> **Data excerpt**

== Segment start ==

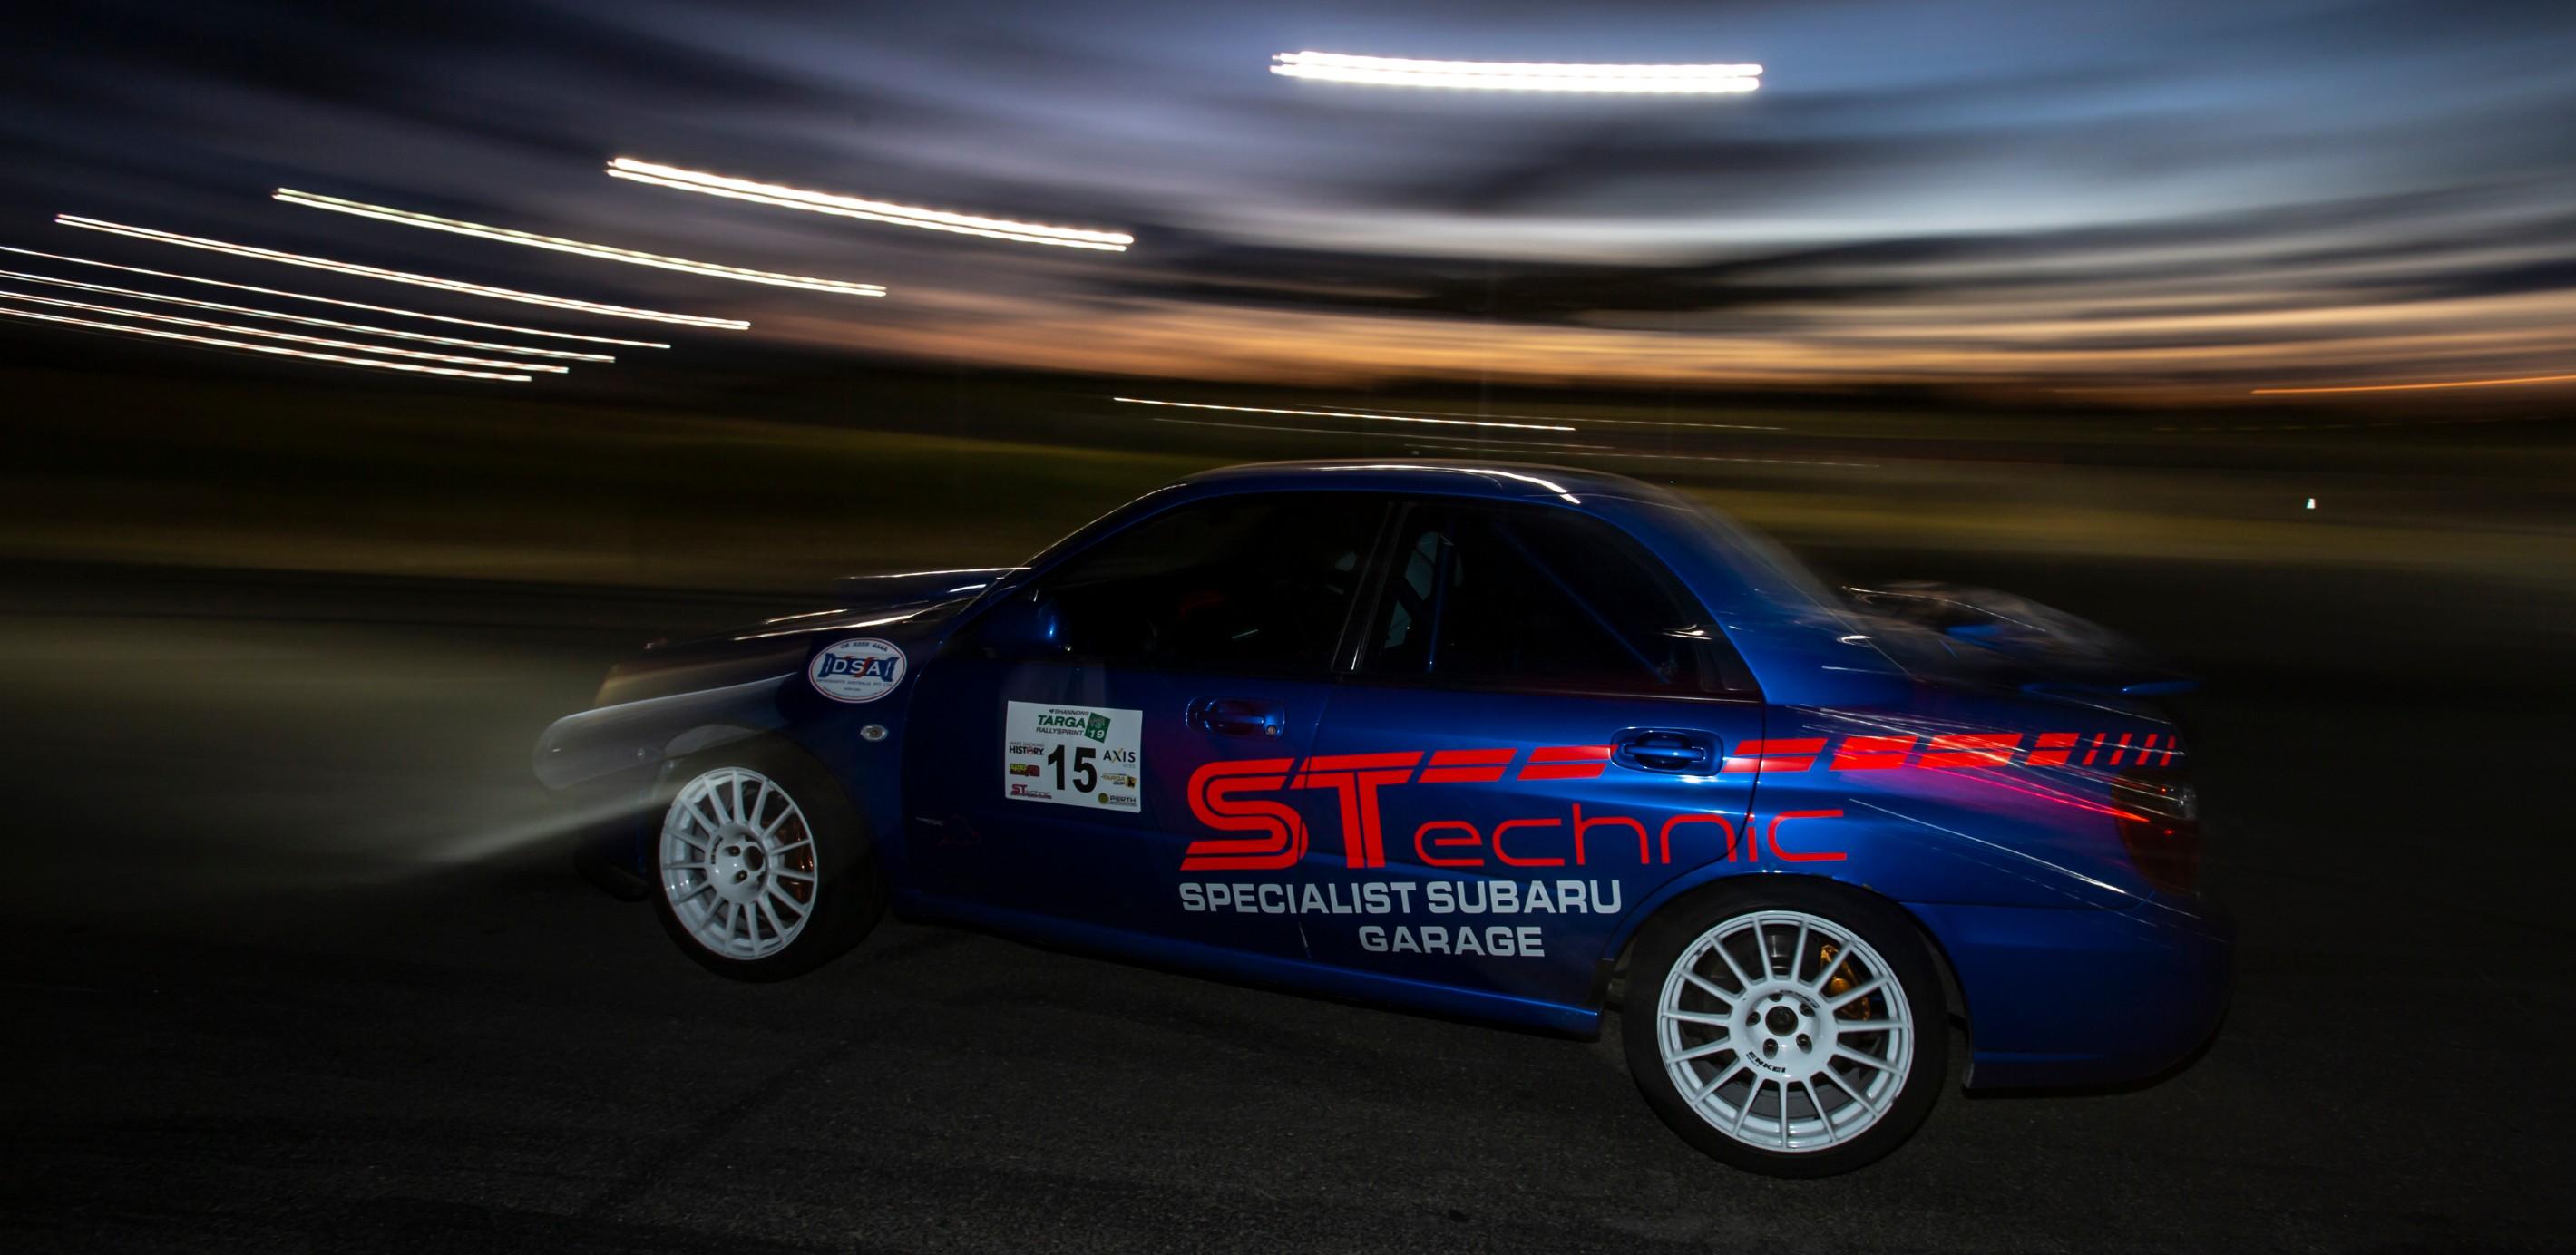 Subaru Specialist Workshop - STechnic
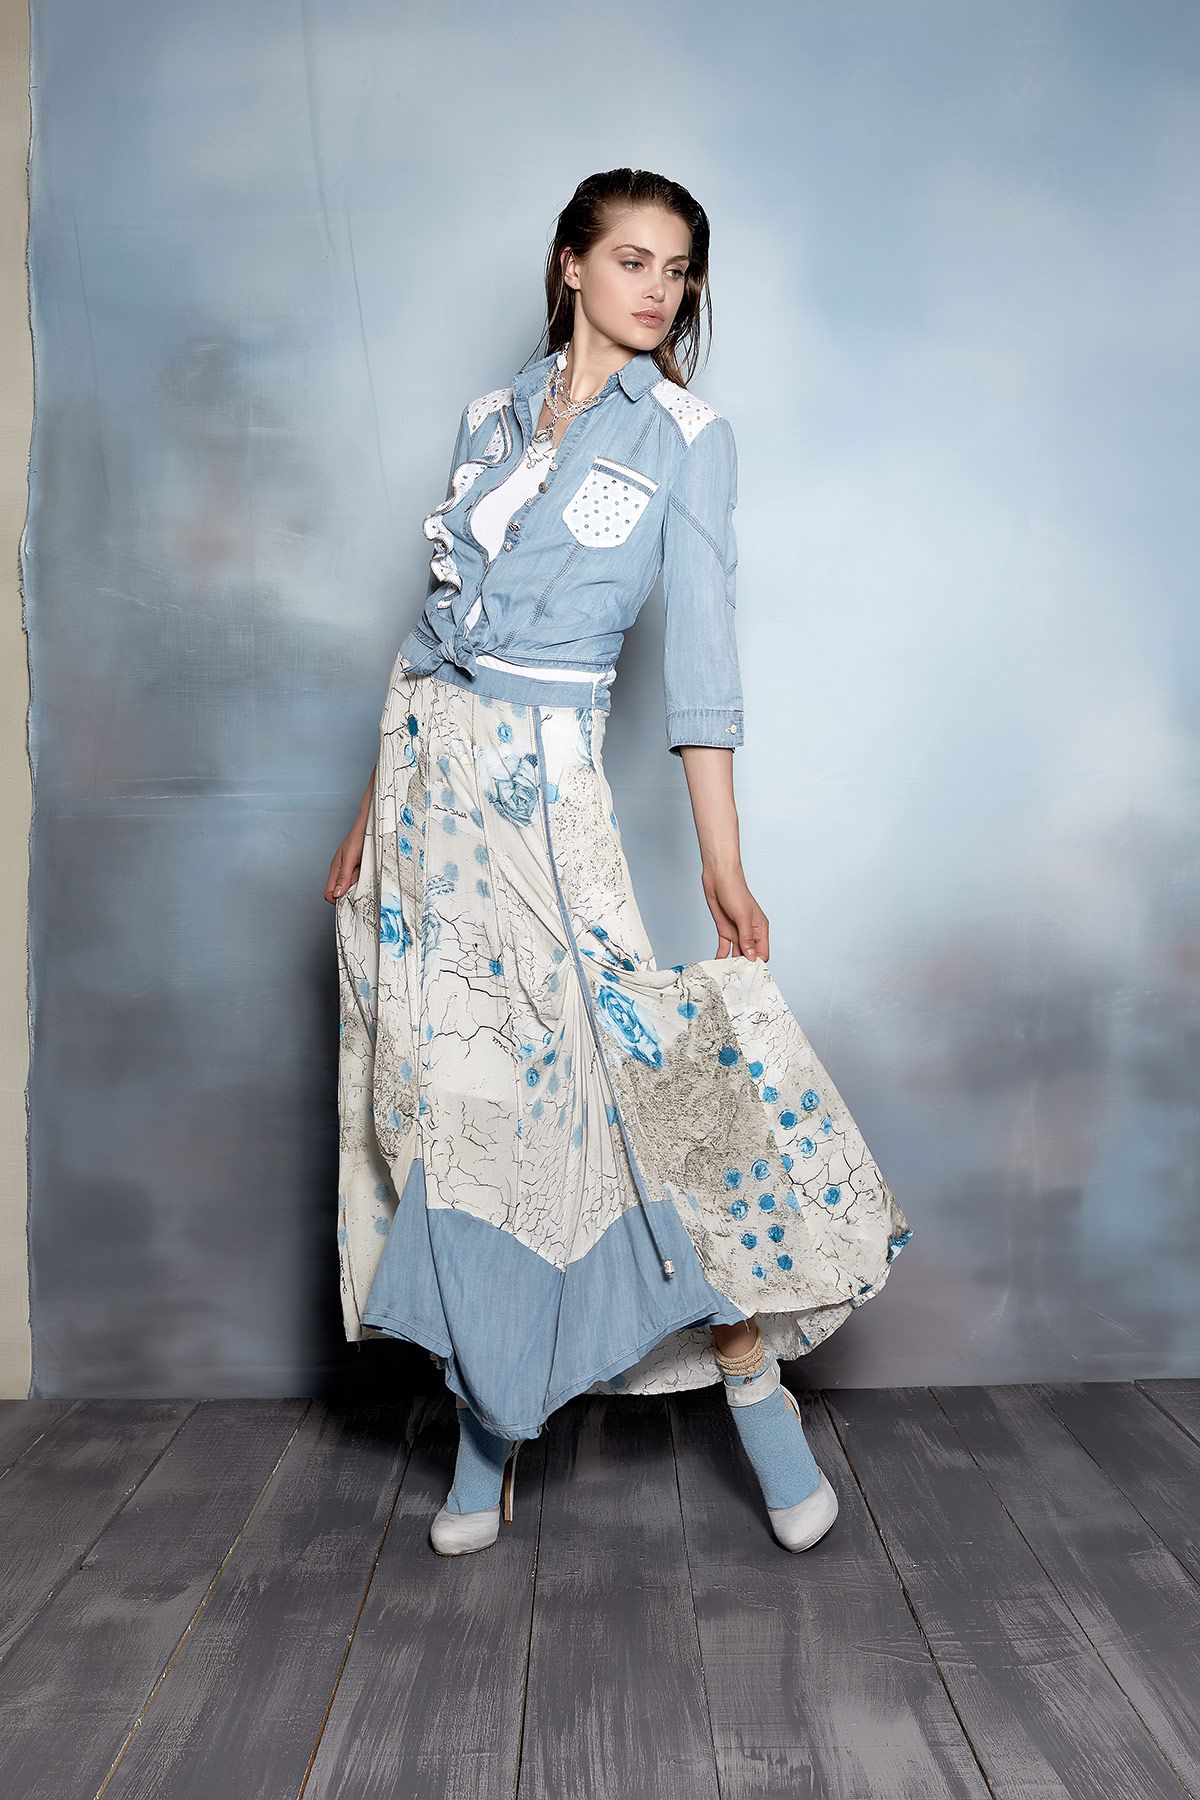 #danieladallavalle #collection #ss16 #elisacavaletti #blouse #top #skirt #socks #necklace #shoes #blue #lightblue #white #fantasy
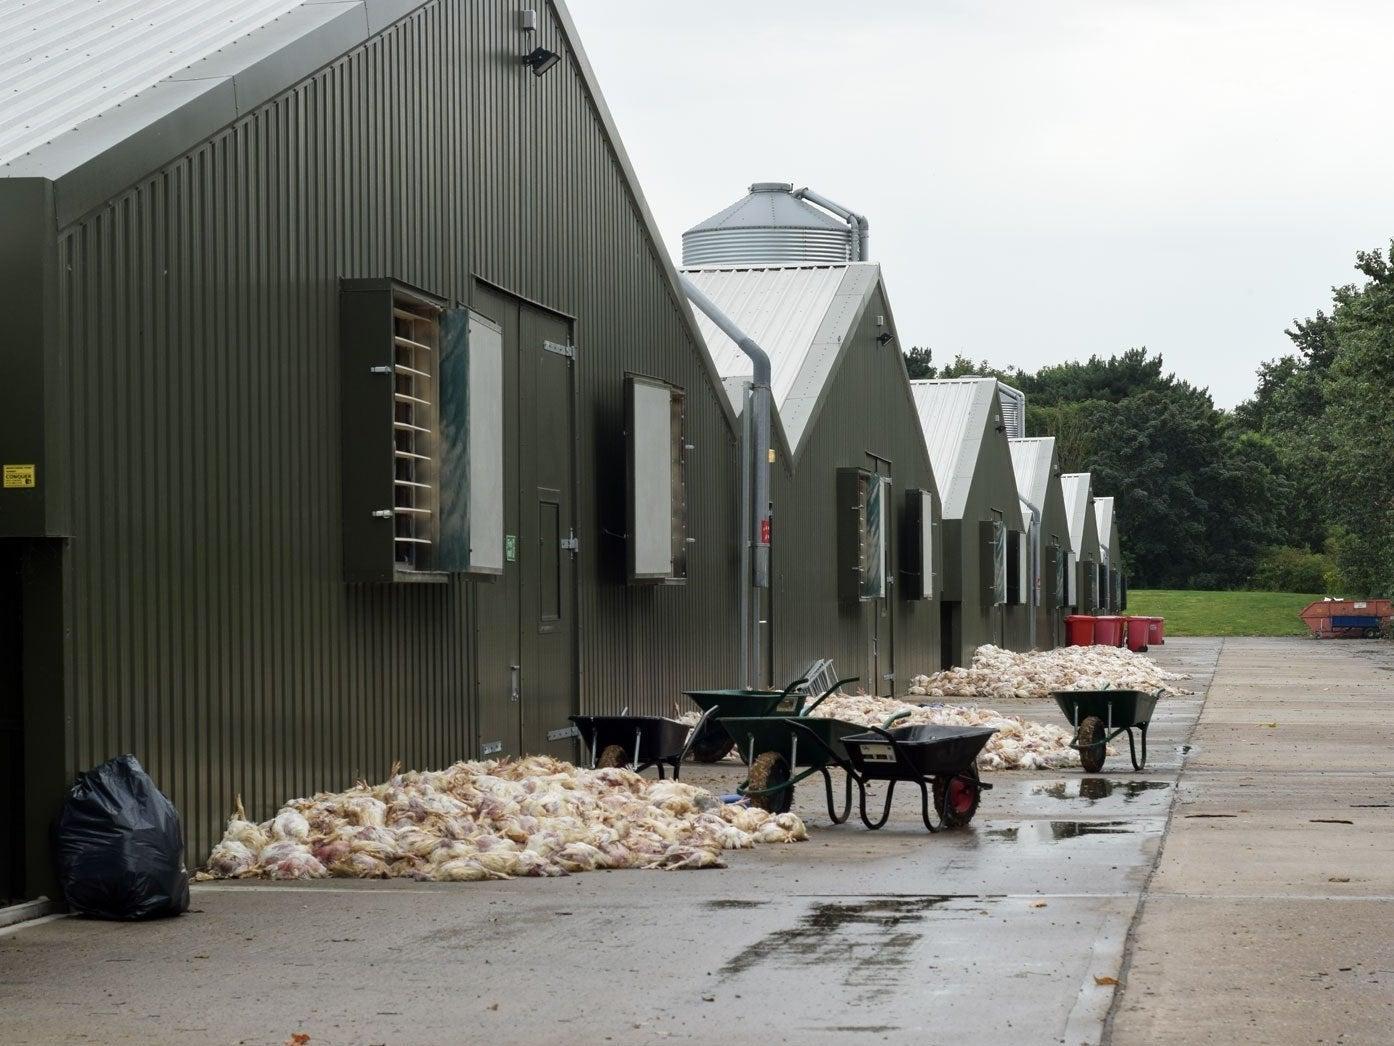 thousands of chickens die in heatwave at farm supplying

== Segment end ==

> **Goal of the exercise**
Could the data above be returned in full, exactly, with every image left out?

> **Task response**
 Subaru Specialist Workshop - STechnic
 #danieladallavalle #collection #ss16 #elisacavaletti #blouse #top #skirt #socks #necklace #shoes #blue #lightblue #white #fantasy
 thousands of chickens die in heatwave at farm supplying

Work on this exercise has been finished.